The function cat
seems to internally use cat_t
. The definition of cat_t
that is used in my case is
@inline cat_t(::Type{T}, X...; dims) where {T} = _cat_t(dims, T, X...)
However, for some reason, the function _cat_t
seems type-stable while cat_t
isn’t.
julia> f(a...) = Base._cat_t((1,2), Float64, a...)
f (generic function with 1 method)
julia> @code_warntype f(ones(2,2))
MethodInstance for f(::Matrix{Float64})
from f(a...) in Main at REPL[1]:1
Arguments
#self#::Core.Const(f)
a::Tuple{Matrix{Float64}}
Body::Matrix{Float64}
1 ─ %1 = Base._cat_t::Core.Const(Base._cat_t)
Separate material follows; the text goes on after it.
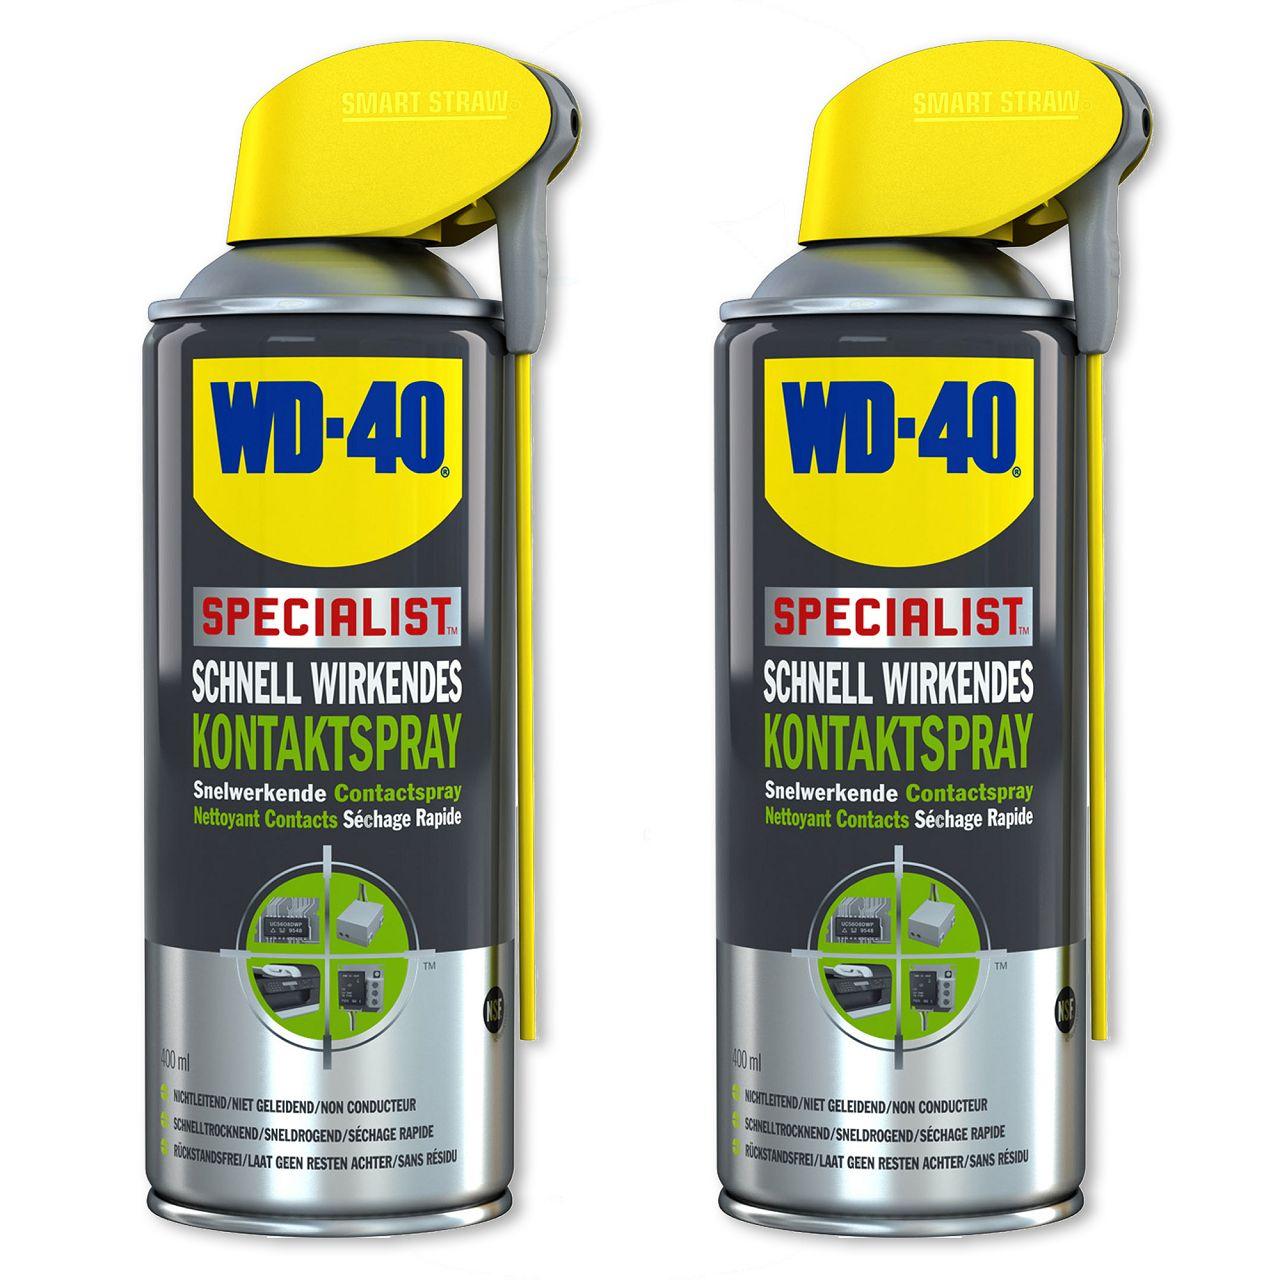 WD-40 SPECIALIST 49368 Kontaktspray Kontaktreiniger Elektronikspray 2x 400ml

│ %2 = Core.tuple(1, 2)::Core.Const((1, 2))
│ %3 = Core.tuple(%2, Main.Float64)::Core.Const(((1, 2), Float64))
│ %4 = Core._apply_iterate(Base.iterate, %1, %3, a)::Matrix{Float64}
└── return %4
julia> f(a...) = Base.cat_t(Float64, a..., dims=(1,2))
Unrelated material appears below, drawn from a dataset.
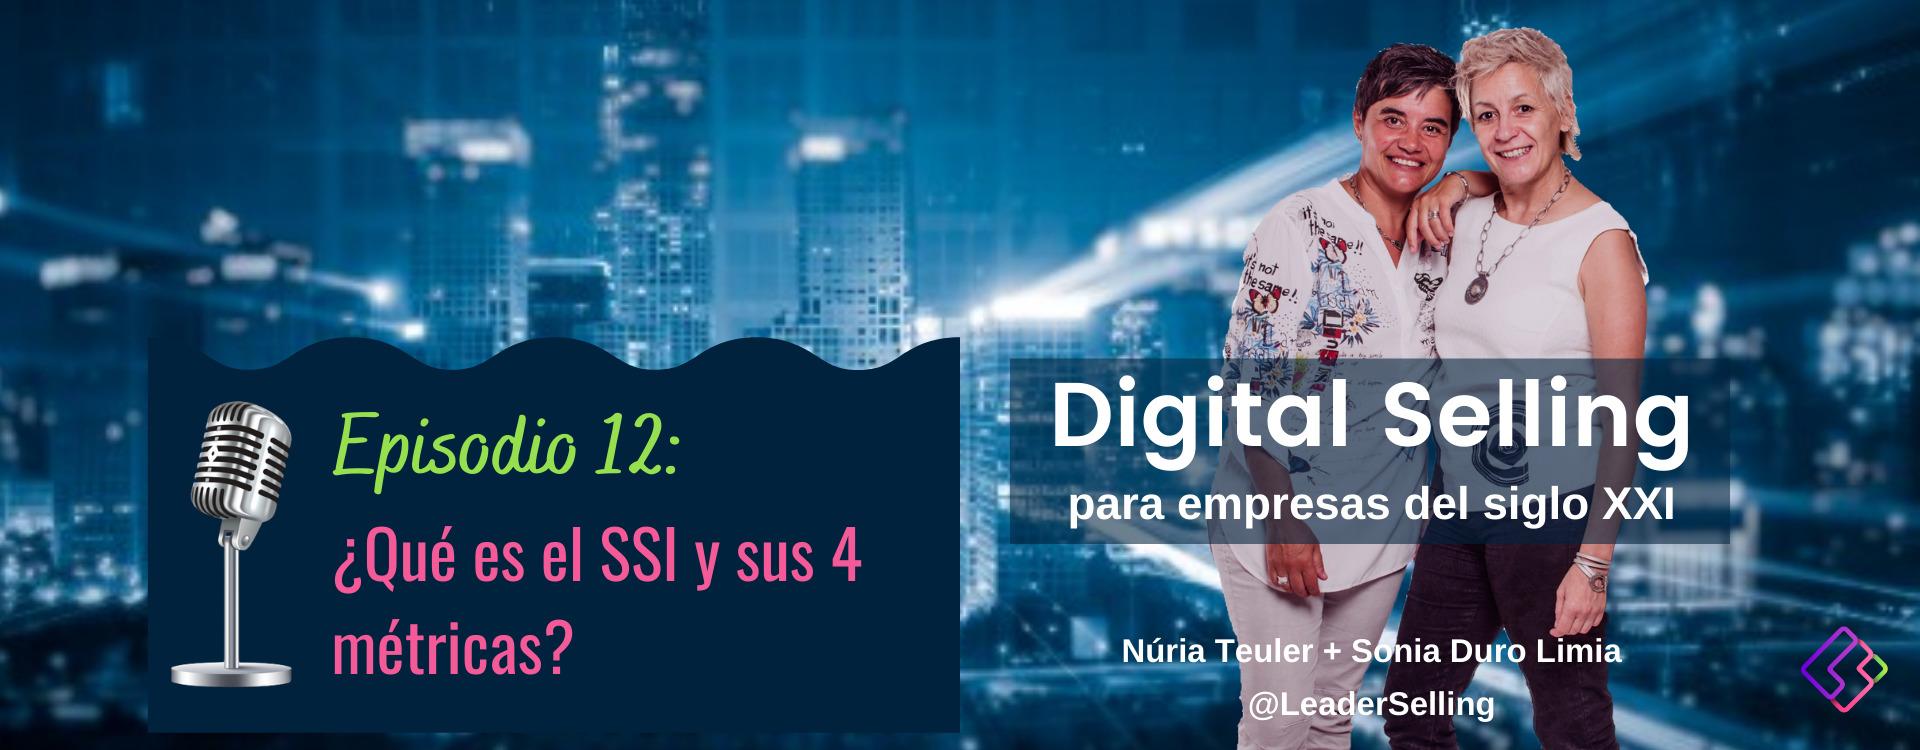 Episodio 12: ¿Qué es el Social Selling Index (SSI) y sus 4 métricas?

f (generic function with 1 method)
julia> @code_warntype f(ones(2,2))
MethodInstance for f(::Matrix{Float64})
from f(a...) in Main at REPL[3]:1
Arguments
#self#::Core.Const(f)
a::Tuple{Matrix{Float64}}
Body::Any
1 ─ %1 = (:dims,)::Core.Const((:dims,))
│ %2 = Core.apply_type(Core.NamedTuple, %1)::Core.Const(NamedTuple{(:dims,)})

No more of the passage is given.